* _Input data_
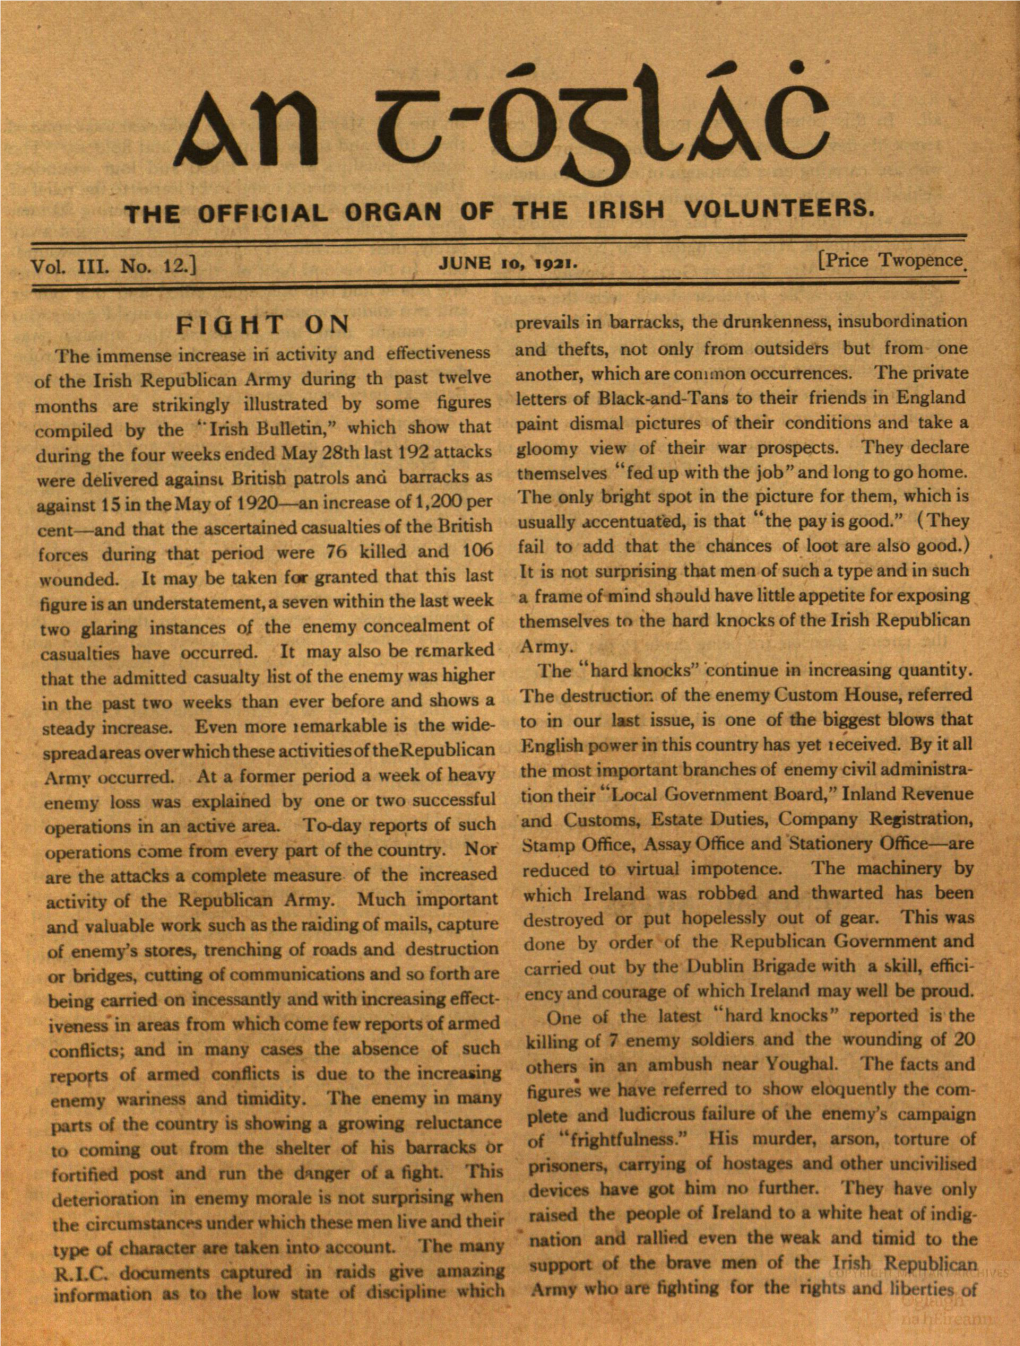 The Offi-Cial Organ of the Irish Volunteers
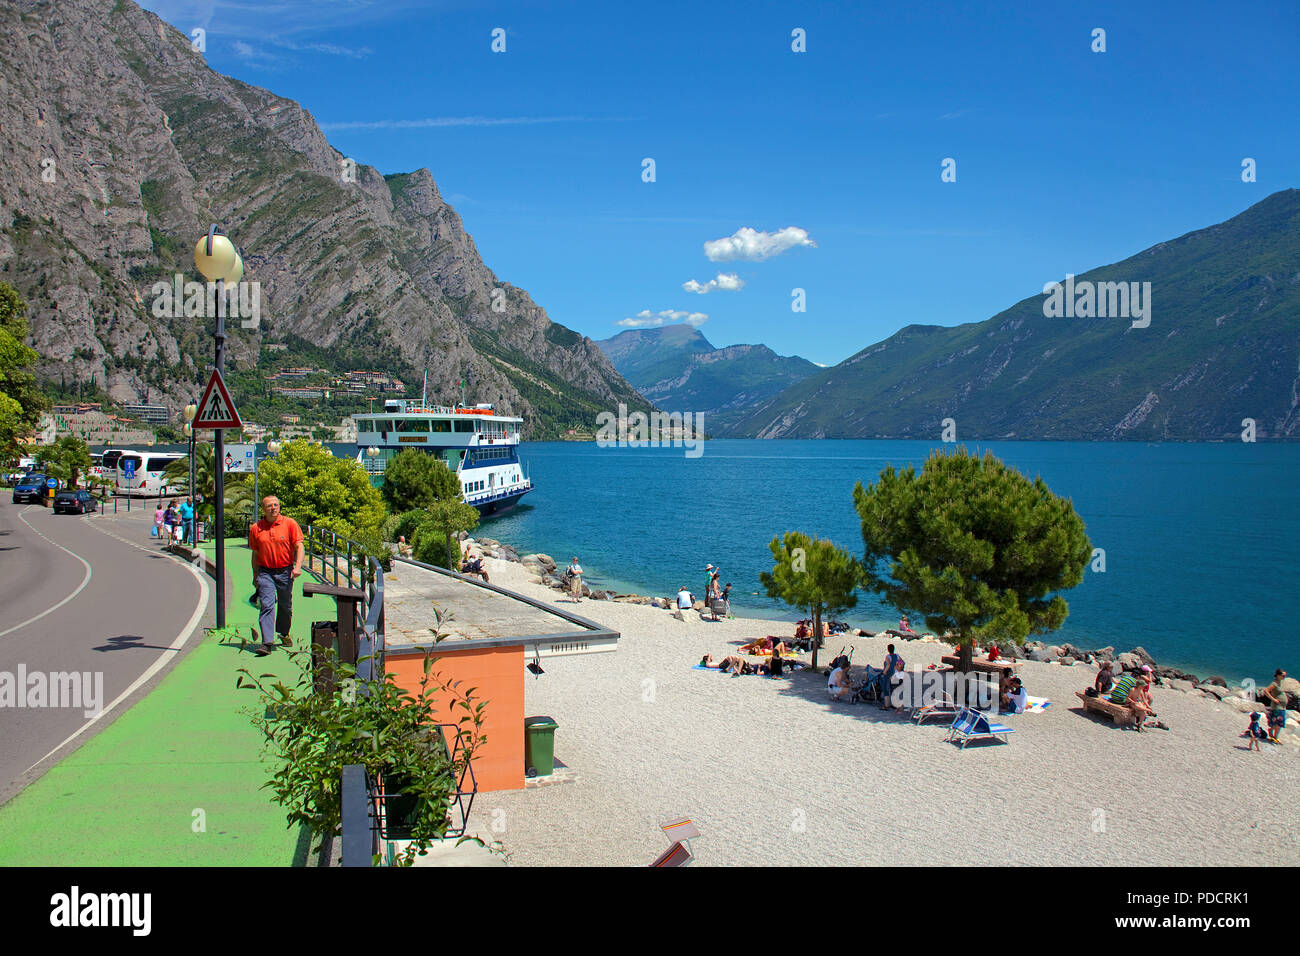 People at the beach of Limone, Limone sul Garda, Garda lake, Lombardy, Italy Stock Photo
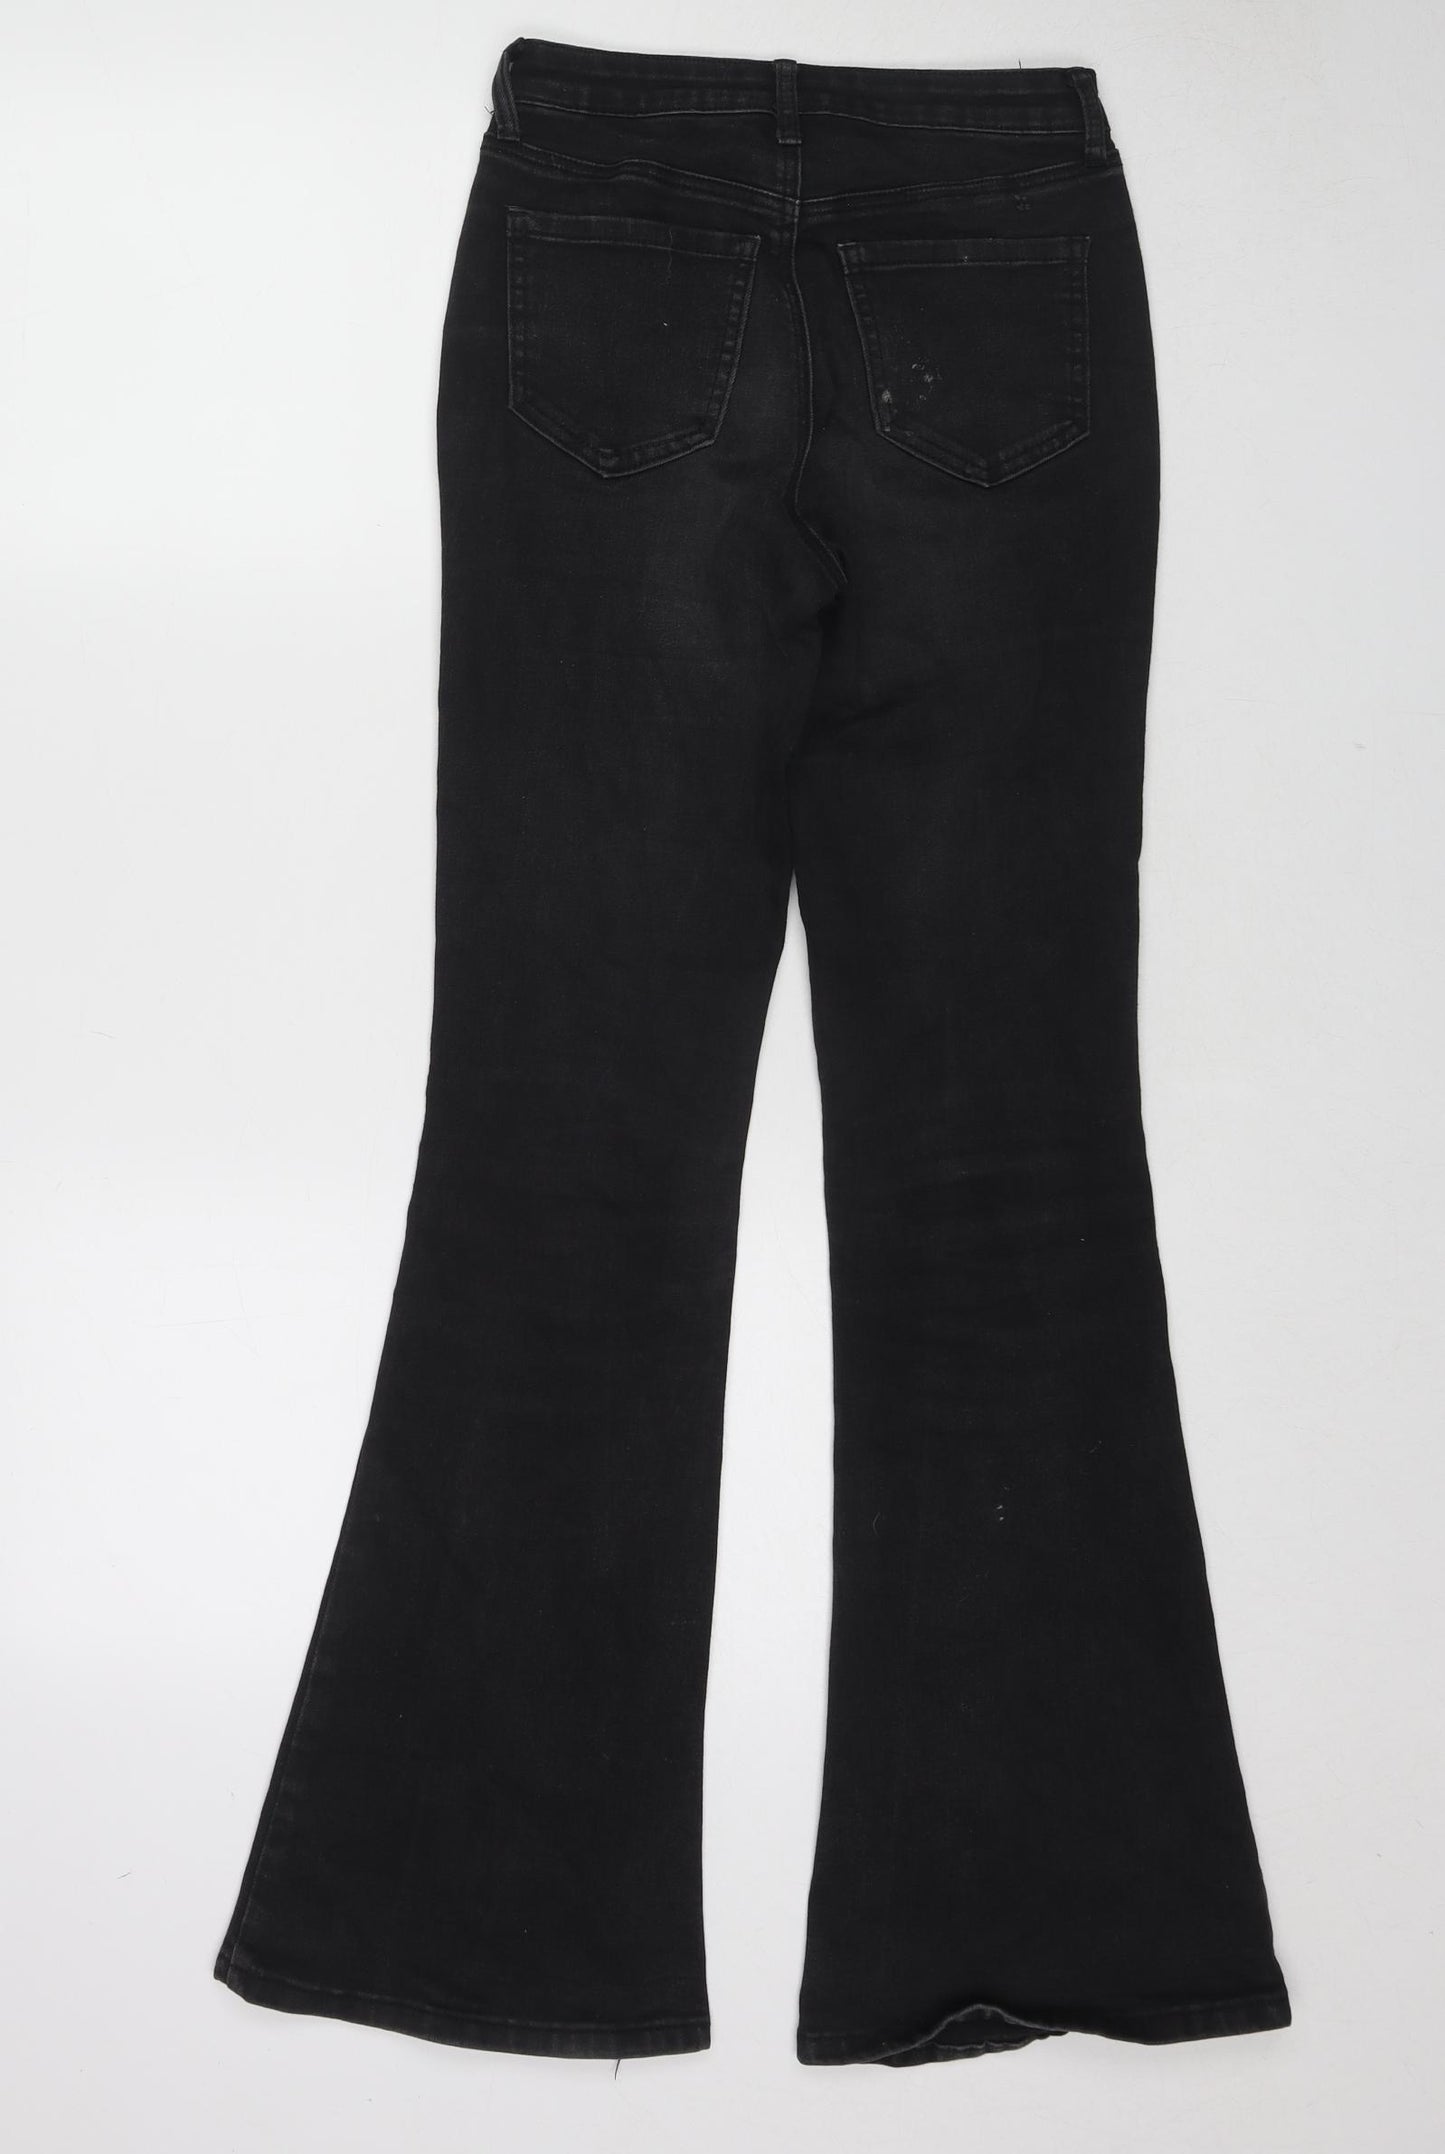 ABOUND Womens Black Cotton Flared Jeans Size 25 in L31 in Regular Zip
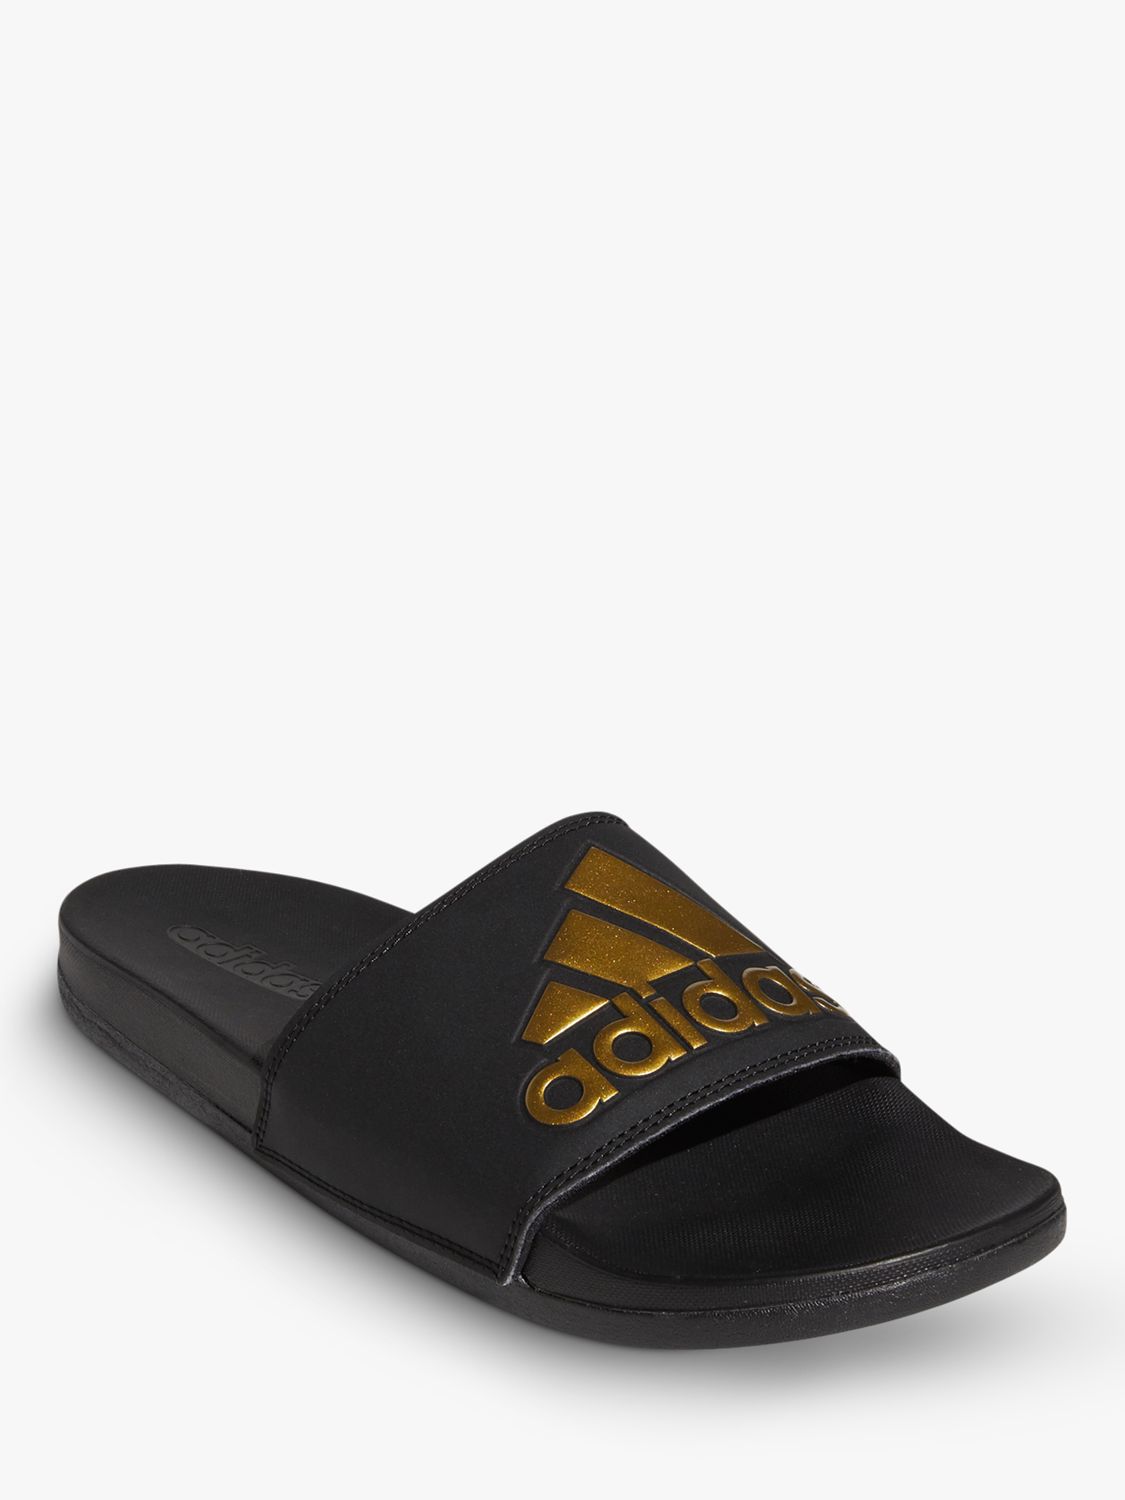 adidas black gold slides
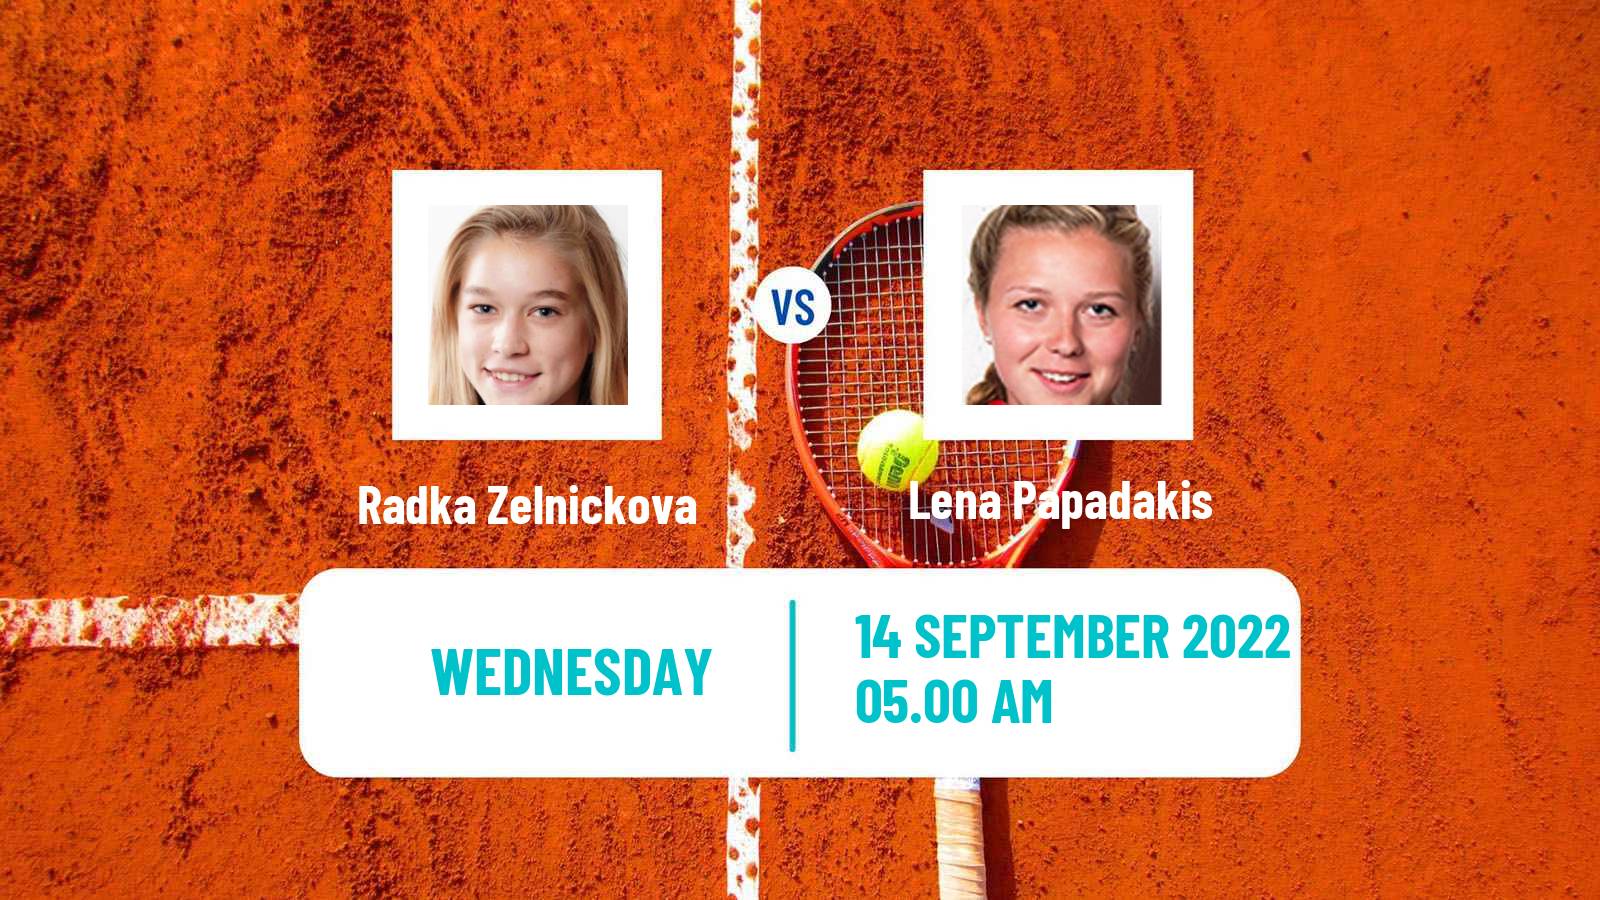 Tennis ITF Tournaments Radka Zelnickova - Lena Papadakis

* _Task to carry out_
Once the line containing "People at the" is found, transcribe it and every line after it to the end of the records, exactly and with no pictures.

* _Answer space_
 People at the beach of Limone, Limone sul Garda, Garda lake, Lombardy, Italy Stock Photo
 ABOUND Womens Black Cotton Flared Jeans Size 25 in L31 in Regular Zip
 adidas black gold slides
 Tennis ITF Tournaments Radka Zelnickova - Lena Papadakis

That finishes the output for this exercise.